VOI for Clinicians and Funders: An Accessible Approach to Prioritize Research Aims

with Laura Hatfield

Value of information (VOI) analyses can optimize research priorities and investments. Recent methods developments have decreased computational burden and extended VOI to new areas, for example, value of implementation and value of personalized information. Here, we propose a simpler alternative to VOI designed to be accessible to researchers, clinicians, and funders who lack access to sophisticated disease models. We apply the method to prioritize research into heterogeneous treatment effects. The question is whether to invest in new randomized controlled trials that will estimate treatment effects in specific patient subpopulations.

We provide general conclusions for choosing candidate effect modifiers for future research, with inputs that include population prevalence, the underlying true magnitude of effect modification, and the current strength of existing evidence. We find that a study that is optimal based on societal value may not be powered based on frequentist minimum required sample sizes. Further we show that clinical decision making benchmarked on only ‘positive’ results with a p-value below 0.05, reduces the value of additional research. Interestingly, defining value as health versus net monetary benefit can both create superior value depending on the subpopulation differential health and cost outcomes of each treatment.

For all the advances in VOI, the method still relies on substantial investment in sophisticated clinical models. Important gatekeepers of research and funding outside of decision science may find this a barrier to implementation of VOI. Our strategy is simple and flexible across clinical contexts while still providing guidance on the relative value of potential research priorities.


Value of (Biased) Information

with Laura Hatifeld and Ariel Stern

Value of information typically assumes that current and future observed patient outcomes are random samples from the same underlying population. However, in many contexts, that assumption may be violated.
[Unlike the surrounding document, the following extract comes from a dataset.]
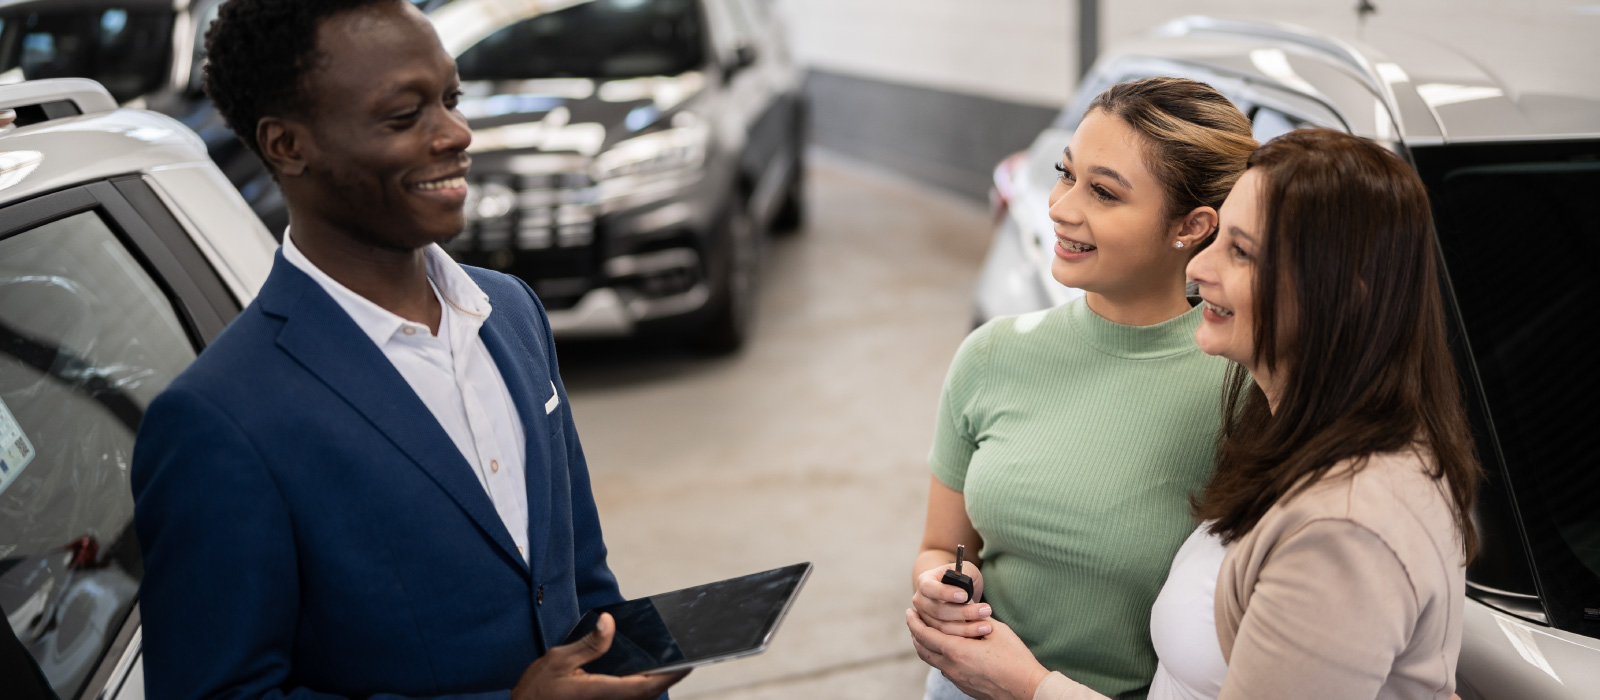 When Cosigner On A Car, Who Gets The Credit?
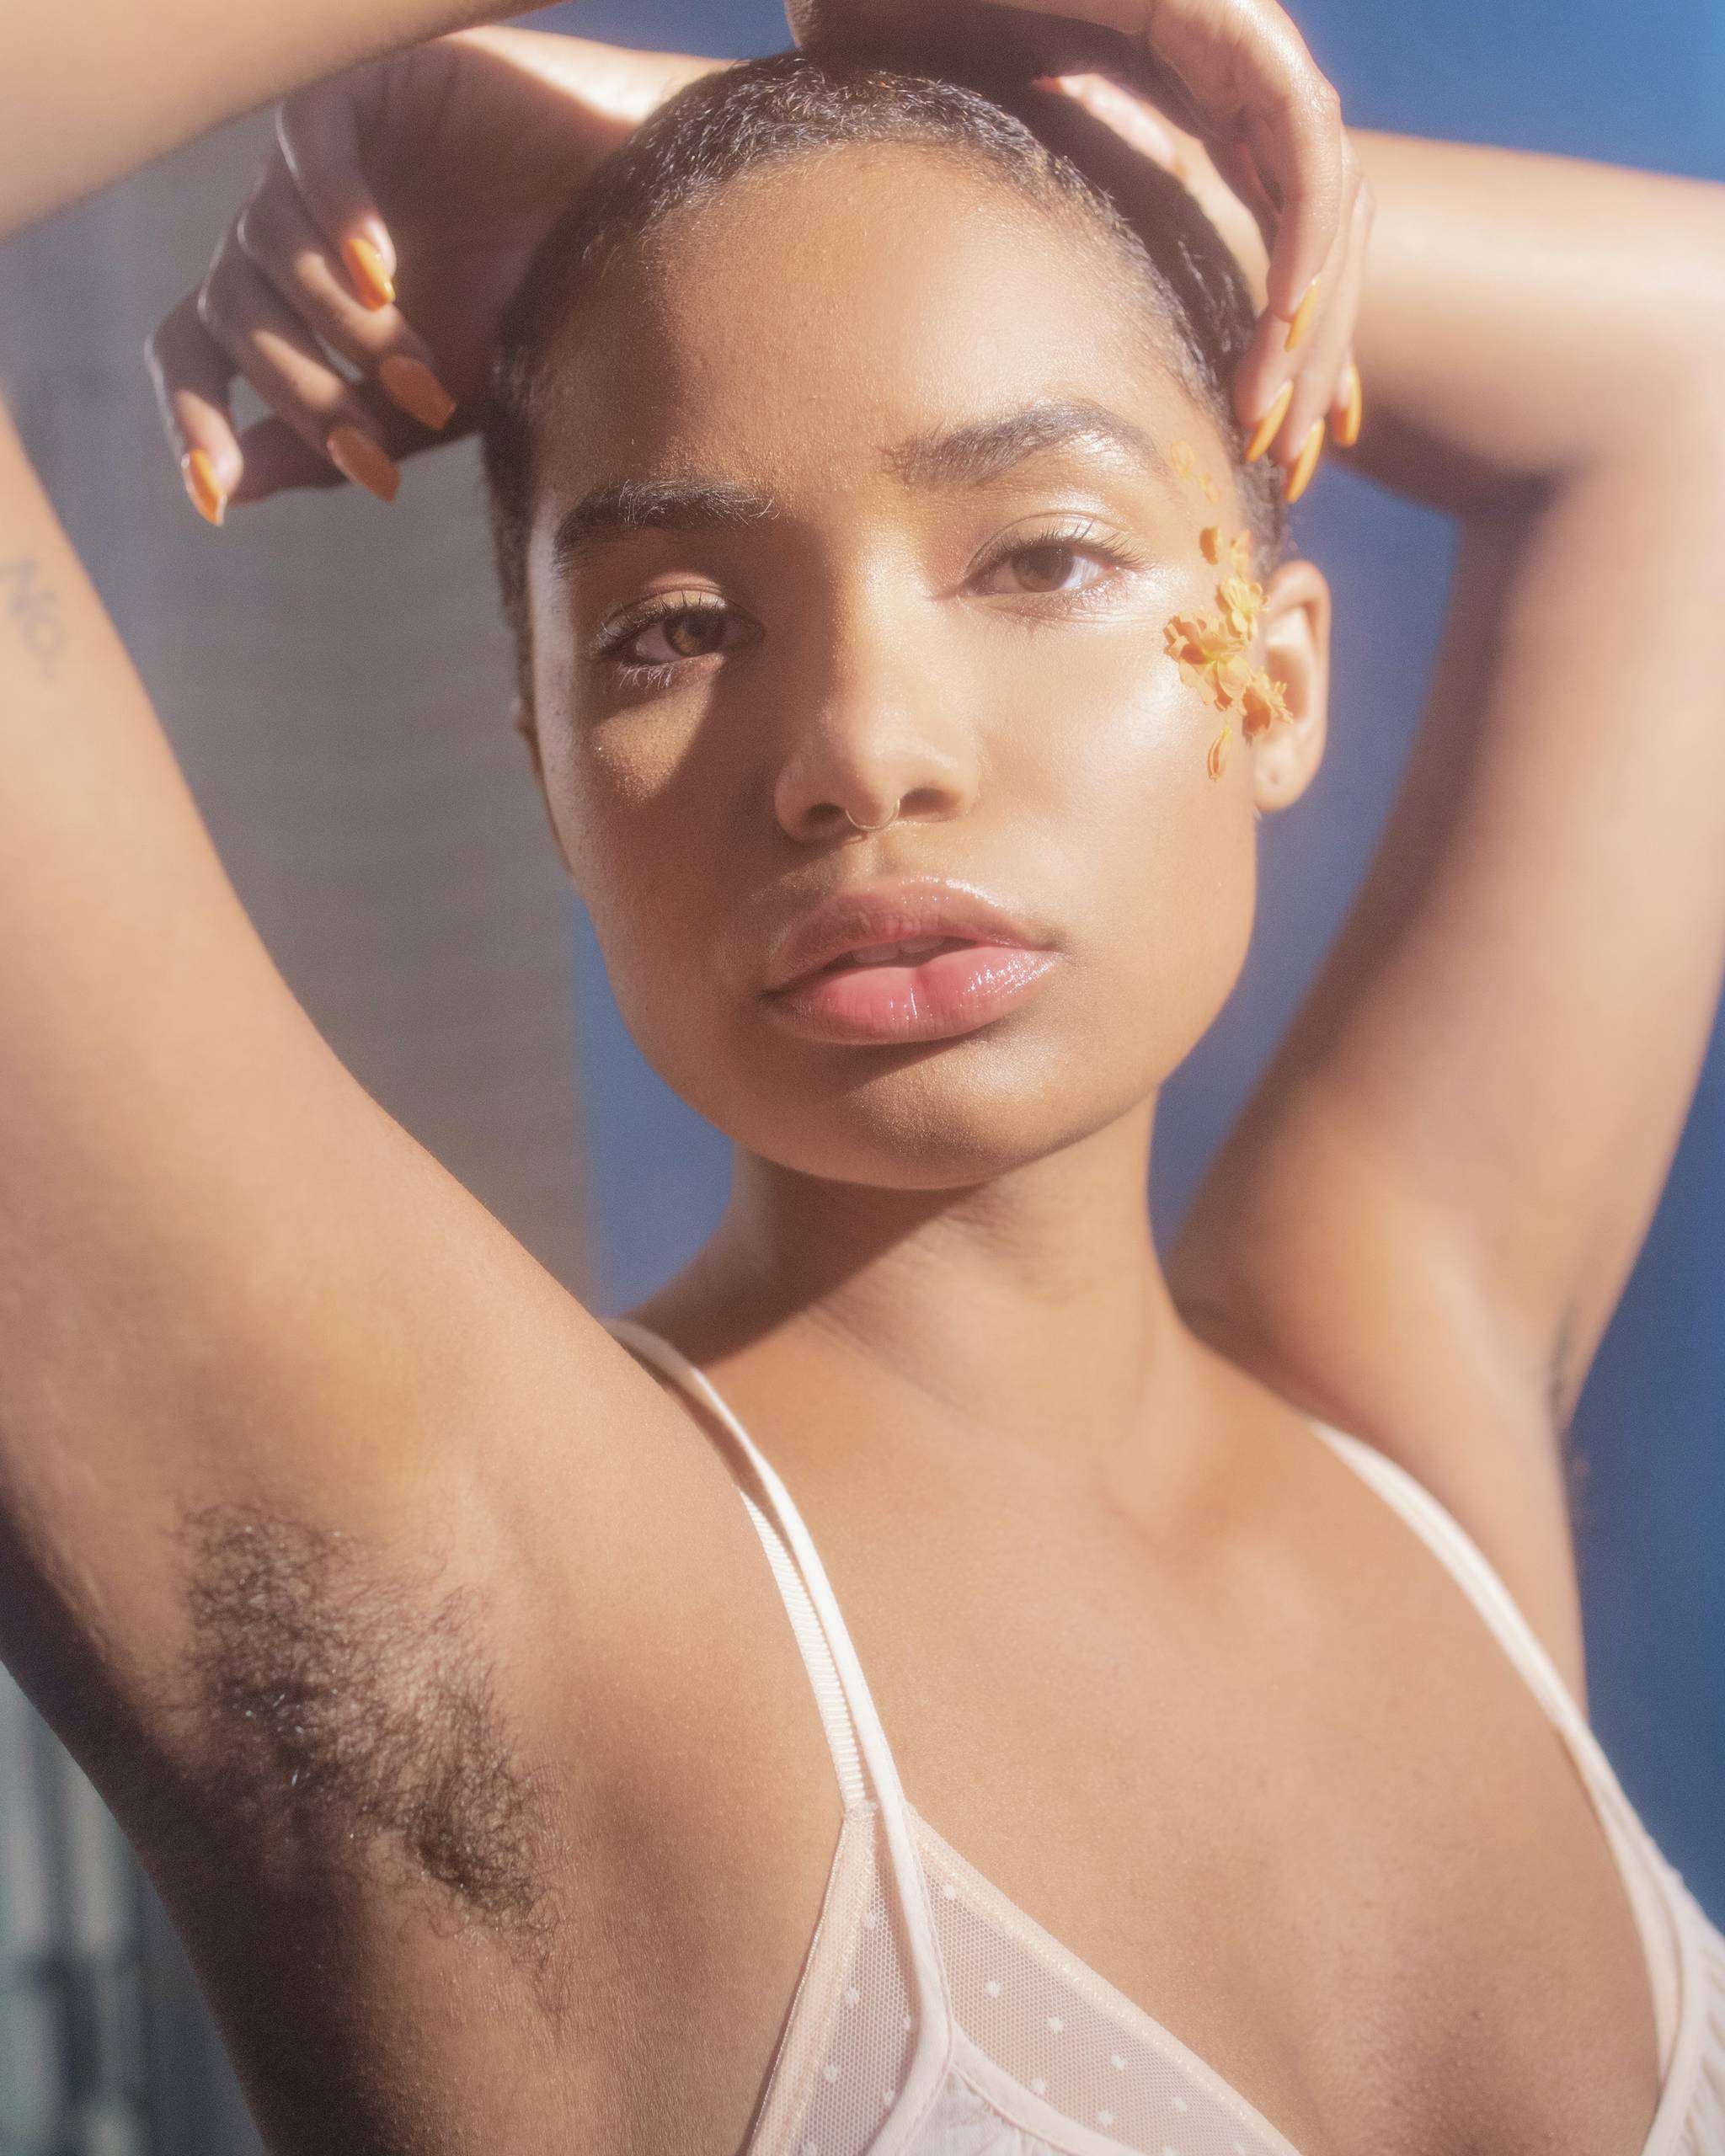 Dove highlights underarm confidence during NYFW

For example, in the Food and Drug Administration’s accelerated approval pathway, drugs are initially approved on proxy outcomes (like tumor size). Proxy outcomes are typically easier to demonstrate a drug-response compared to patient survival. Importantly, regulators have the authority to stipulate outcomes in post-market studies for accelerated approval drugs. Here we ask: What is the expected difference in the value of sample information when an optimal follow-up study reports a proxy vs. true outcome of interest?

We conducted a VOI analysis to estimate the expected net monetary benefit of a future study measuring a proxy outcome compared to a true outcome of interest. The proxy is biased in favor of a treatment effect. In our simulated scenarios, we consider cases where initial and future evidence is both unbiased and biased.

The majority of post-market studies of accelerated approval drugs report proxy outcomes. Our results suggest this is a sub-optimal regulatory strategy. Although this work is framed in terms of data collection on proxy versus true outcomes, the results have implications across VOI analyses. In any context where study results are potentially biased population samples, VOI results that do not account for information bias may be inaccurate.


Health Benefit Package Design: Integrating Multiple Objectives with Mathematical Optimization

with David Watkins, Solomon T. Memirie, Joshua Salomon, and Stéphane Verguet

Policymakers grapple with what health interventions to publicly fund across health systems globally. Here, we propose mathematical optimization as a tool to prioritize health services for inclusion in a publicly financed essential health benefits package. Our approach can formally and flexibly balance tradeoffs across dimensions like the expected health and financial risk protection of each candidate health service.

We consider 23 health interventions across 40 disease and age categories in the context of Ethiopia, an illustrative country setting. The optimal subset of interventions to include in an essential benefits package is determined with bi-criterion integer programming conditional on a budget constraint. To approximate health and financial risk protection benefits we estimate the number of deaths and cases of catastrophic health expenditure averted when an intervention is included in the essential health benefits package.

Rarely are the same health interventions the ‘best buys’ across the dimensions of population health benefit and financial risk protection. We address this tension by incorporating both deaths and catastrophic health expenditures averted as joint optimization objectives. The optimal essential health benefit package depends on the relative importance of deaths averted compared to catastrophic health expenditures averted. We demonstrate the implications of differential objective weights to simulate real-world policy decision making.